Nama Keramat

44.6K 3.7K 62
                                    

First of all, MARHABAN YAA RAMADHAAAANNN!! Segenap keluarga besar PRAS-SASTI mengucapkan selamat menjalankan ibadah puasa. Mohon maaf kalo-kalo saya ada salah dan udah bikin (mungkin) pembaca fiksi ini merasa di-php dan merindukan PRAS-SASTI hahaha *geplak* saya tau ini telat banget, tapi semoga nggak mengurangi feel ya :D

Saya lagi kurang fit makanya update molor banget >,< maaf yaaa... ini kan bulan puasa, dosa kalo ngga maapin saya *minta dijambak* hihihi

Okaaaayyyy happy readingggg *deep bow*

--------------------------------------------------------------

Pras tidak henti memerhatikan Sasti yang kelihatan gelisah di sampingnya. Berulang kali Pras mendengar tarikan napas panjang dari bibir Sasti dan jemari gadis itu saling memilin. Hampir setengah jam mobilnya membelah jalanan ibu kota tapi kegelisahan Sasti belum juga hilang.

"Kamu... gugup?" tanya Pras hati-hati.

Sasti menolehkan kepalanya dan tercengir miris. "Kelihatan banget ya, Mas?" tanyanya retorik, Pras mengangguk. "Padahal Sas udah kayak ibu-ibu mau melahirkan gini, tapi gugupnya nggak mau hilang juga," gumam Sasti pelan dan kembali menarik napas.

Hari ini Pras mengajaknya untuk menemui keluarga besar dari Anindya. Kalau saat lamaran dua minggu lalu beberapa saudara dari Haris ikut serta, sekarang gantian keluarga besar dari sang calon ibu mertua-lah yang ingin berkenalan dengannya.
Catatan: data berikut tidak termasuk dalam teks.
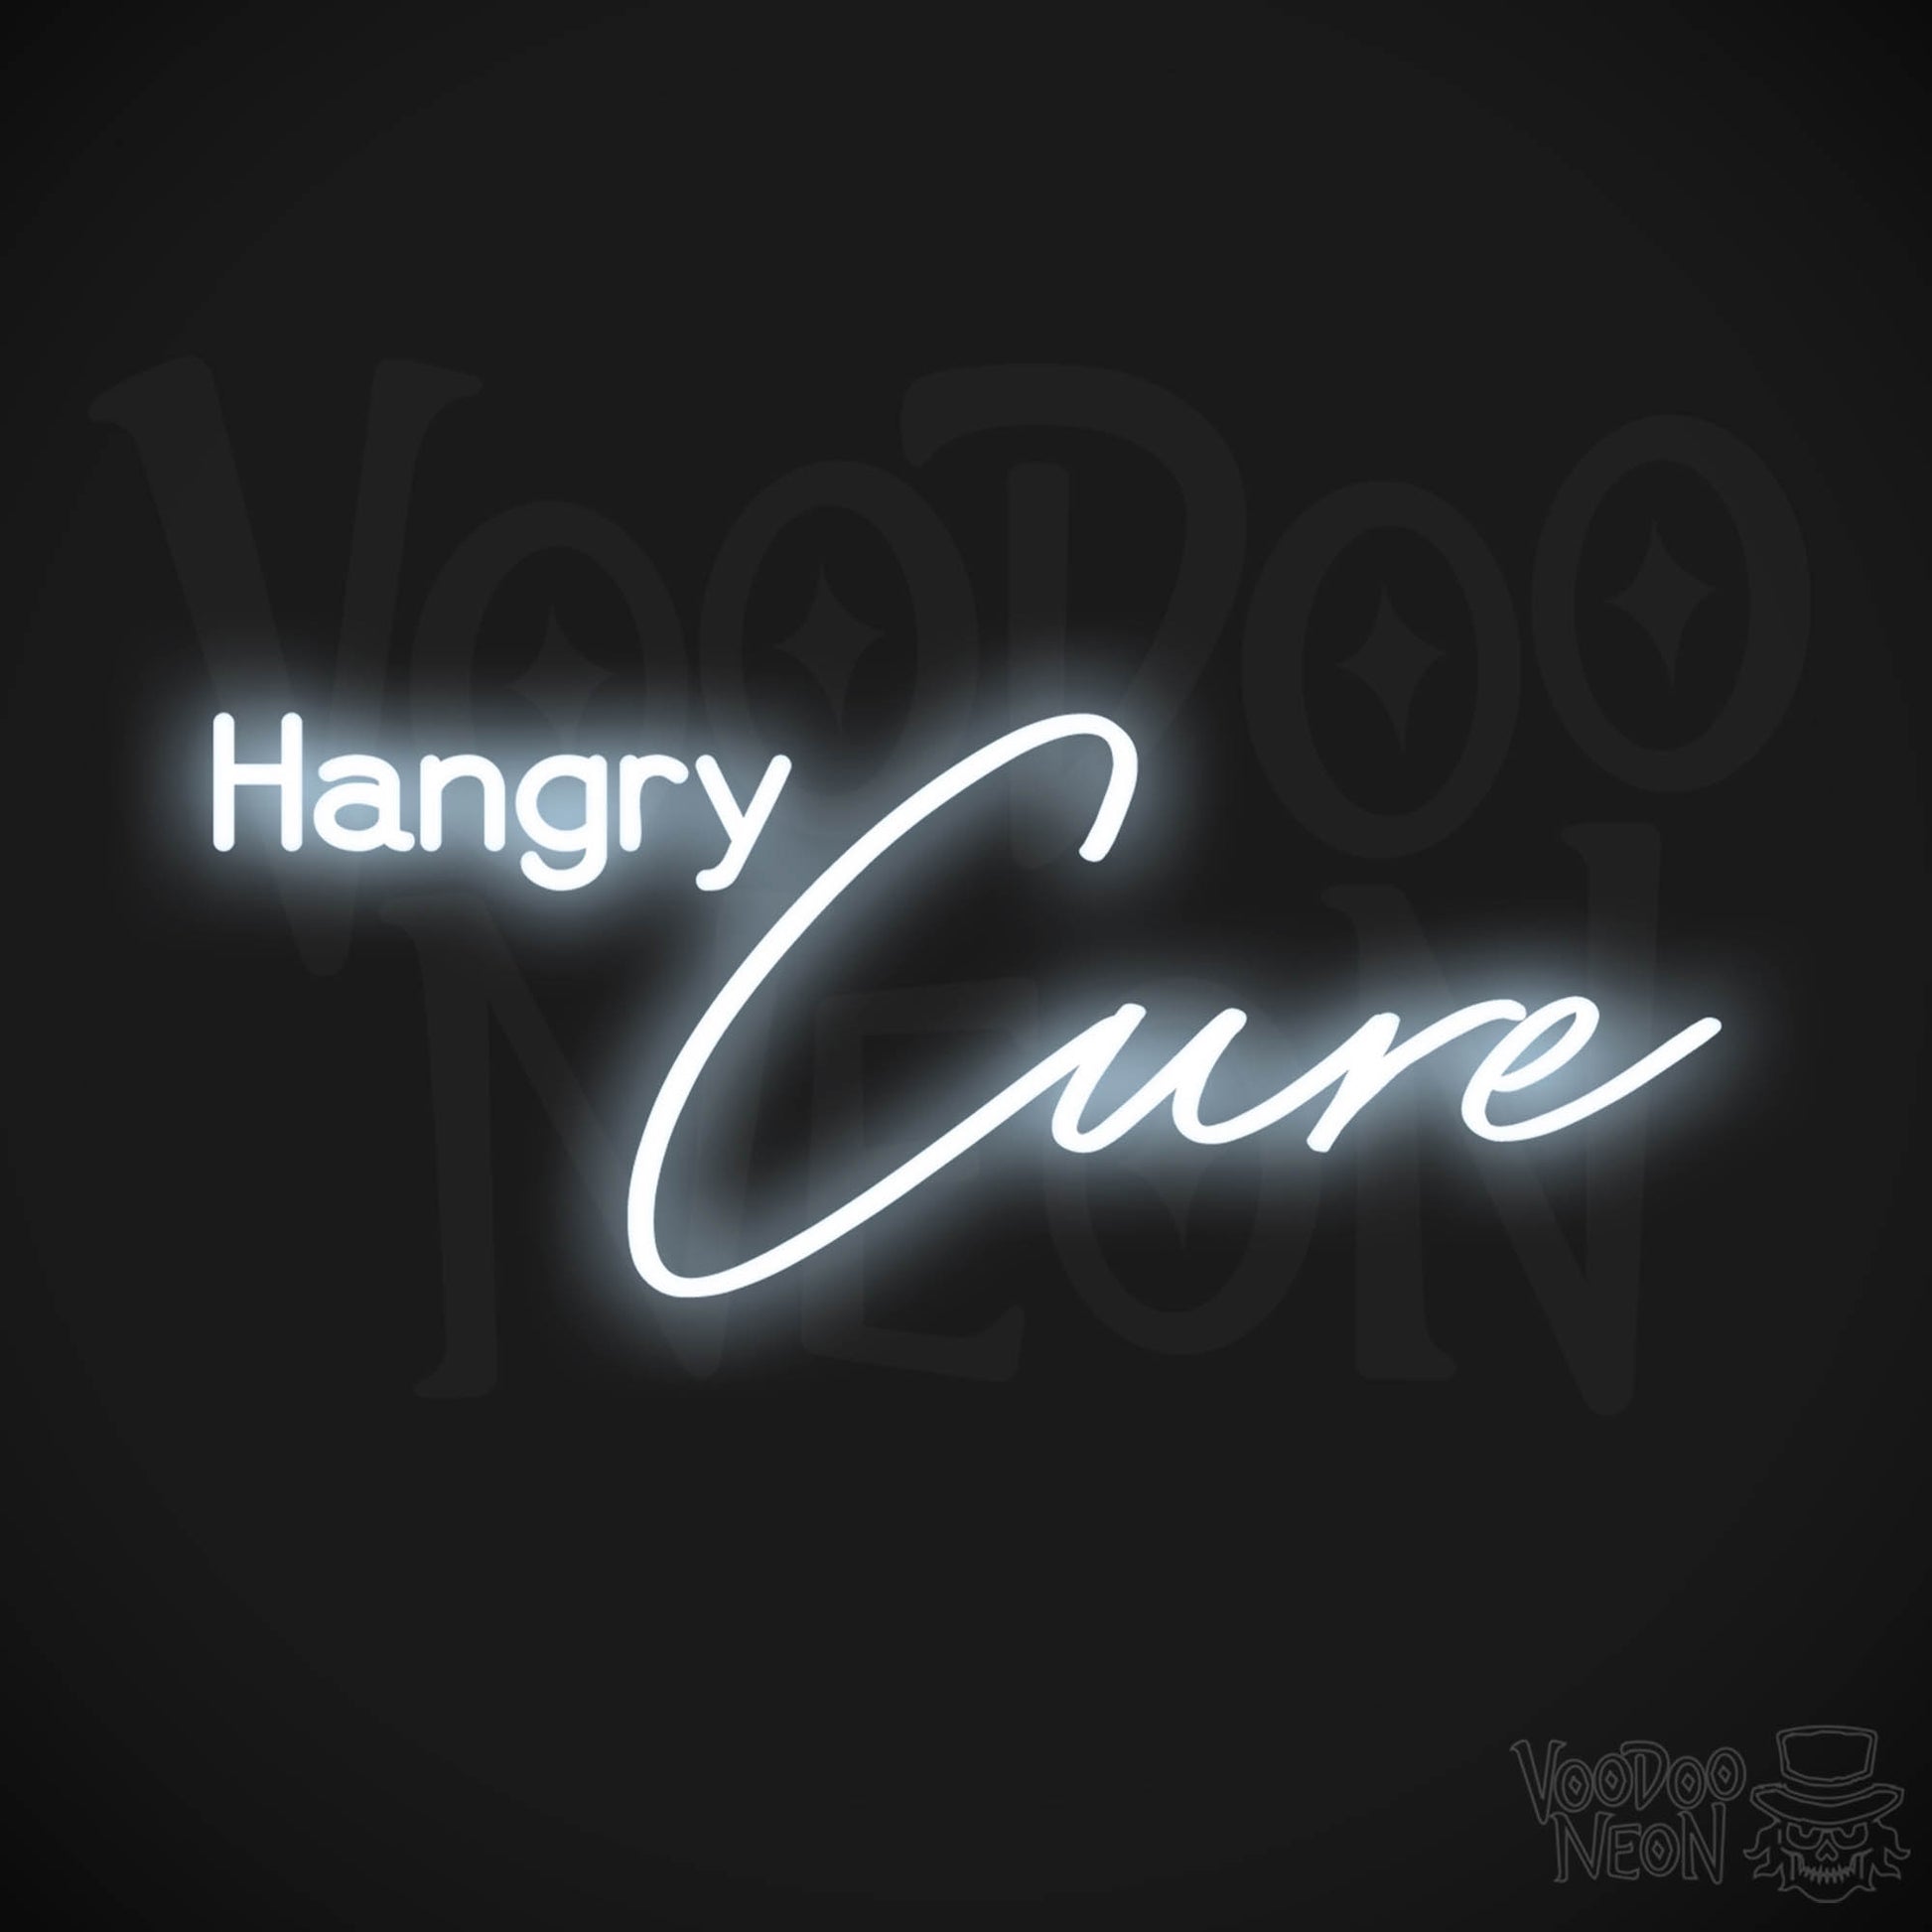 Hangry Cure LED Neon - Cool White

"Hm, baju Sas nggak keliatan malu-maluin kan, Mas?"

Pras memperhatikan Sasti dari ujung kaki sampai kepala dan tidak menemukan keanehan sedikitpun dalam diri gadis itu. Sasti selalu bisa menyesuaikan penampilannya dan yang disukai Pras, Sasti tidak pernah berlebihan.

"Nggak. Kamu udah... oke," sahut Pras pendek.
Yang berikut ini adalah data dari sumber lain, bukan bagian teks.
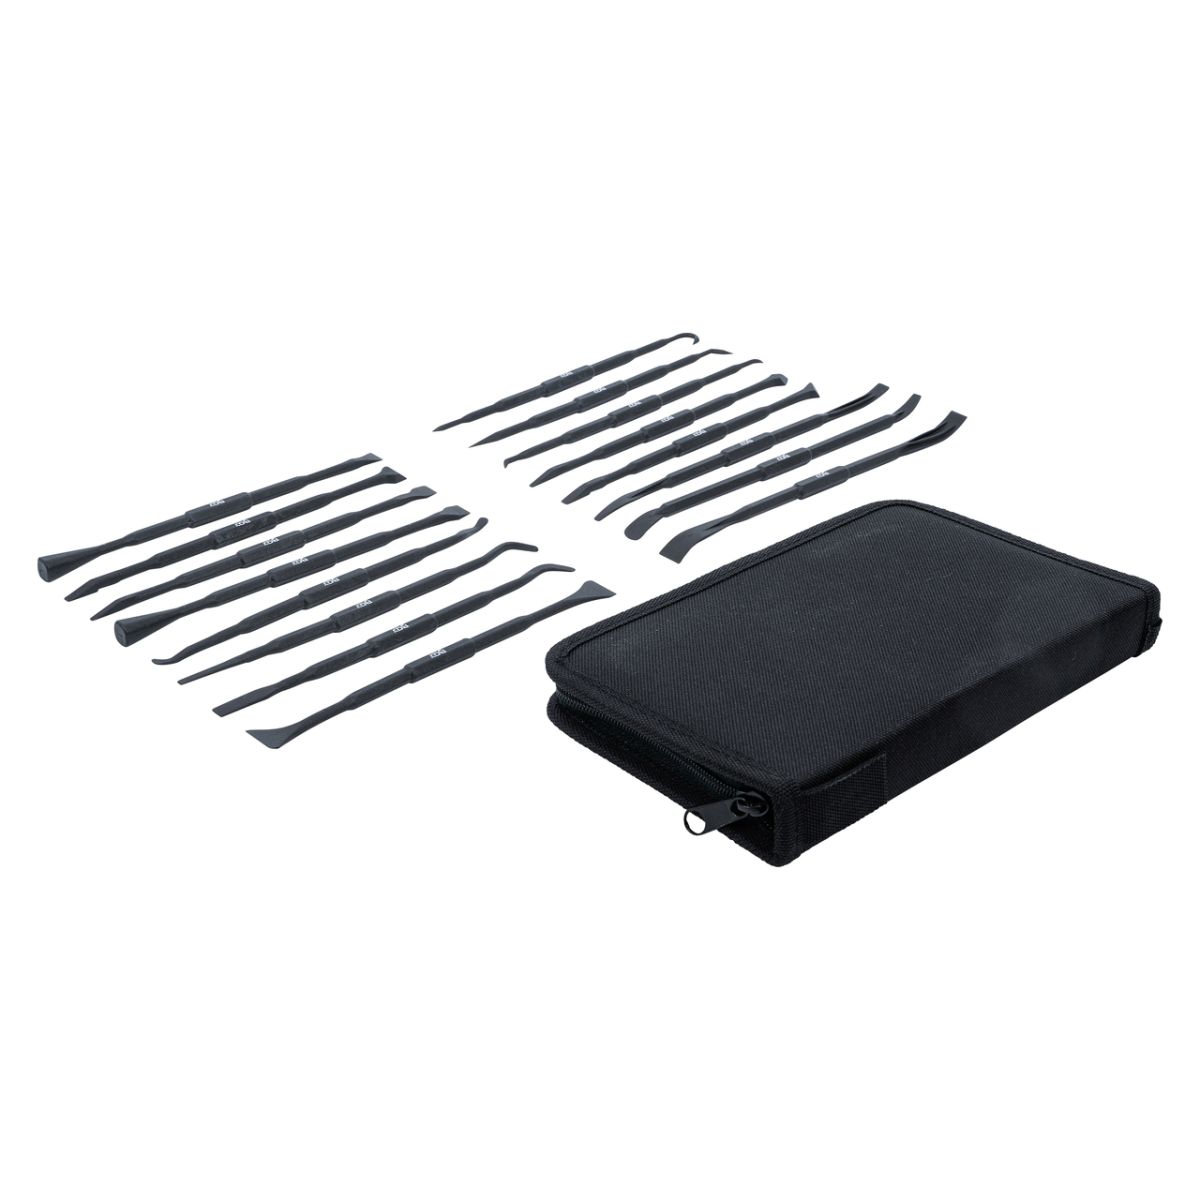 Plastic Scraper and O-Ring / Seal Ring Assembly / Disassembly Tool Set | 16 pcs.

"Cuma oke doang?" selidik Sasti, Pras mengangguk pelan. "Ya," katanya. Pras bisa melihat raut kekecewaan di wajah Sasti, tapi ia hiraukan. Pras paham kalau Sasti menunggu pujiannya, tapi ia masih merasa canggung untuk bisa memuji Sasti langsung. Selain Pras memang bukan tipe laki-laki yang mudah mengeluarkan kata-kata manis, ia juga tidak mau terlalu sering mengatakan gadis di sampingnya ini cantik-walau itu kenyataannya-karena kata-kata yang sering diucapkan, malah akan menghilangkan arti sejati kata tersebut.
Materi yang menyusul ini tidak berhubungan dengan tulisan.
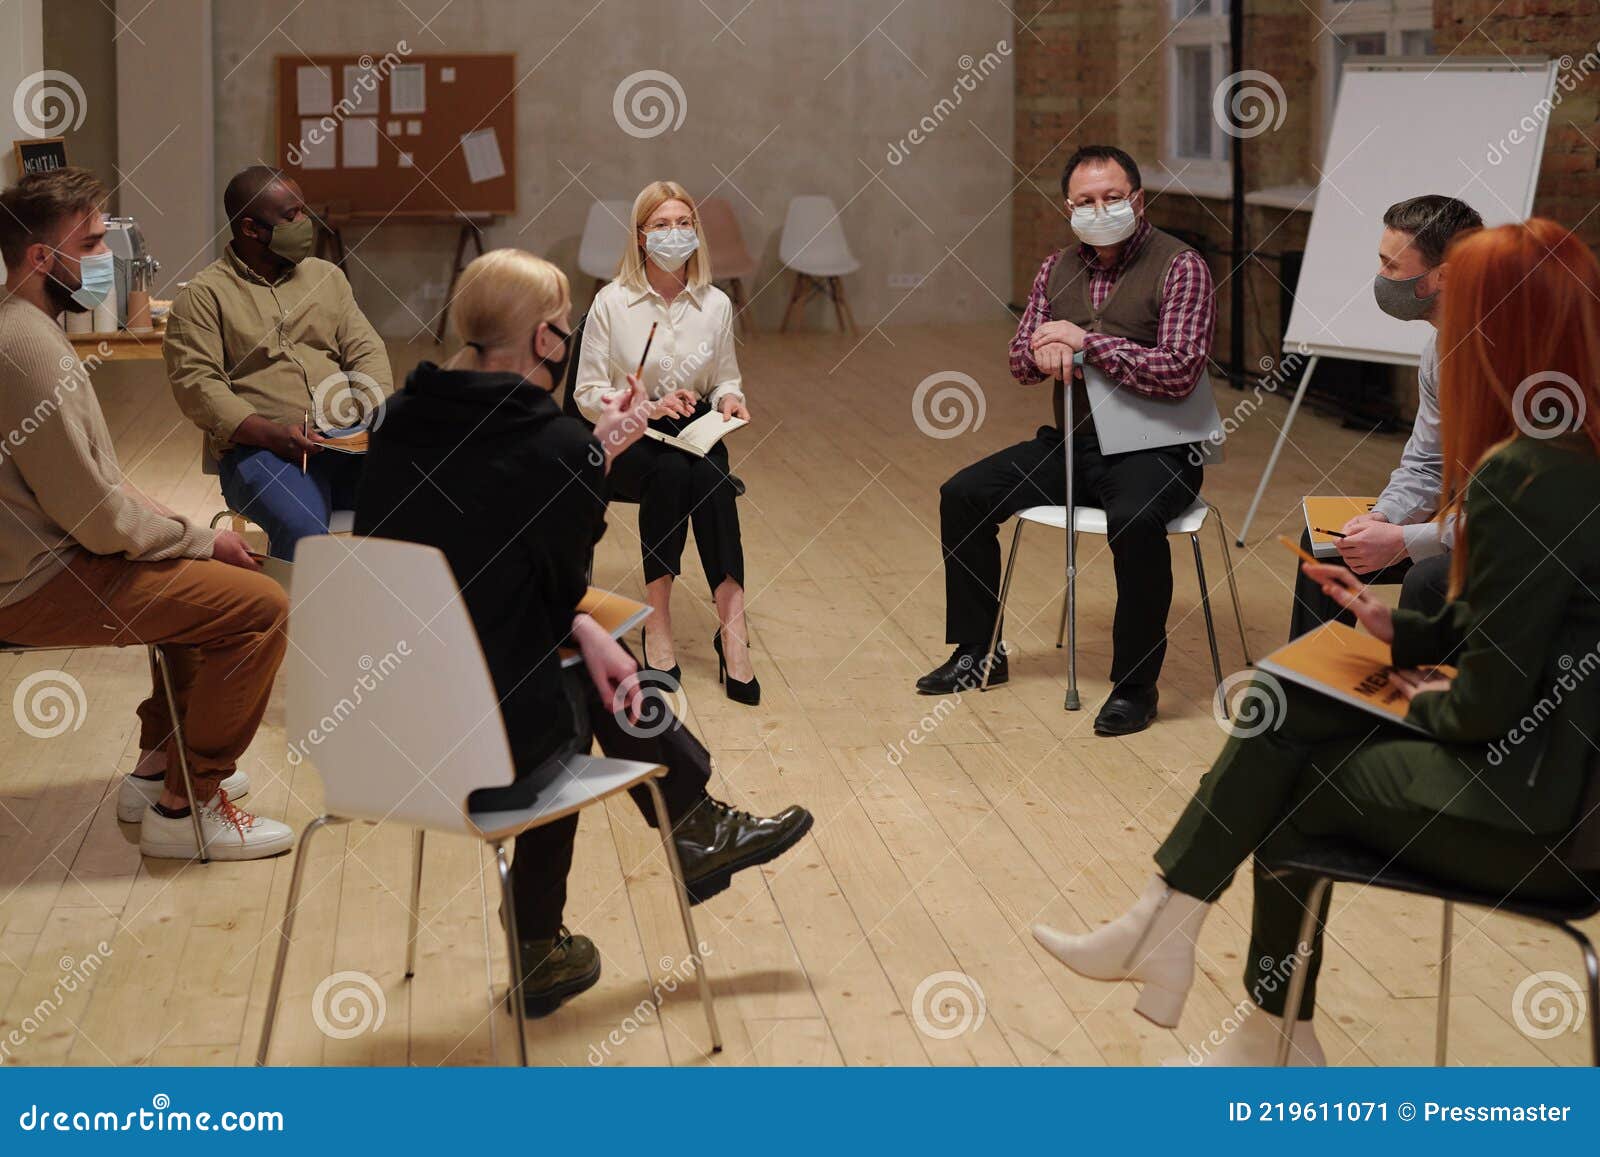 Group of People in Trouble Interacting during Session Stock Image ...

Hari ini Sasti mengenakan rok mengembang selutut berwarna hijau toska dengan atasan yang dimasukkan berupa kemeja lengan pendek berwarna soft pink bertepi kerut di lengan dan kalung berbandul lempengan kayu berwarna cokelat tua, tak lupa flat shoes berwarna senada dengan roknya. Pakaian itu membalut tubuh ramping Sasti dengan pas. Rambutnya diikat ekor kuda dan tas bertali kecil berwarna cokelat tua yang tersangkut di bahunya, semakin membuat Sasti kelihatan tambah cantik.

"Ya kali gitu, Mas, bisa muji Sas sedikit, atau pake lagunya Lobow gitu yang Kau Cantik Hari Ini, siapa tahu aja gugupnya Sas bisa hilang."

Sasti bersungut pelan dengan wajah merajuk. Bibirnya mengerucut dan pipinya jadi kelihatan tembam. Pras tidak bisa untuk tidak tertawa melihat ekspresi Sasti. Gadis itu, kesal sekalipun, justru kelihatan menggemaskan.

Pras tersenyum kecil dan memberanikan diri mengulurkan tangannya, menyentuh punggung tangan Sasti dan menggenggamnya. Pras menyelipkan setiap jarinya di sela-sela jemari gadis itu, menariknya perlahan dan meletakkannya di atas pahanya.

Tangan Sasti terasa kecil dalam genggamannya. Dalam sekejap saja genggaman tangan Pras berhasil menyelimuti seluruh jemari Sasti. Setiap jari gadis itu terasa rapuh. Pras sampai merasa jari-jari itu akan patah kalau ia mengenggamnya terlalu erat.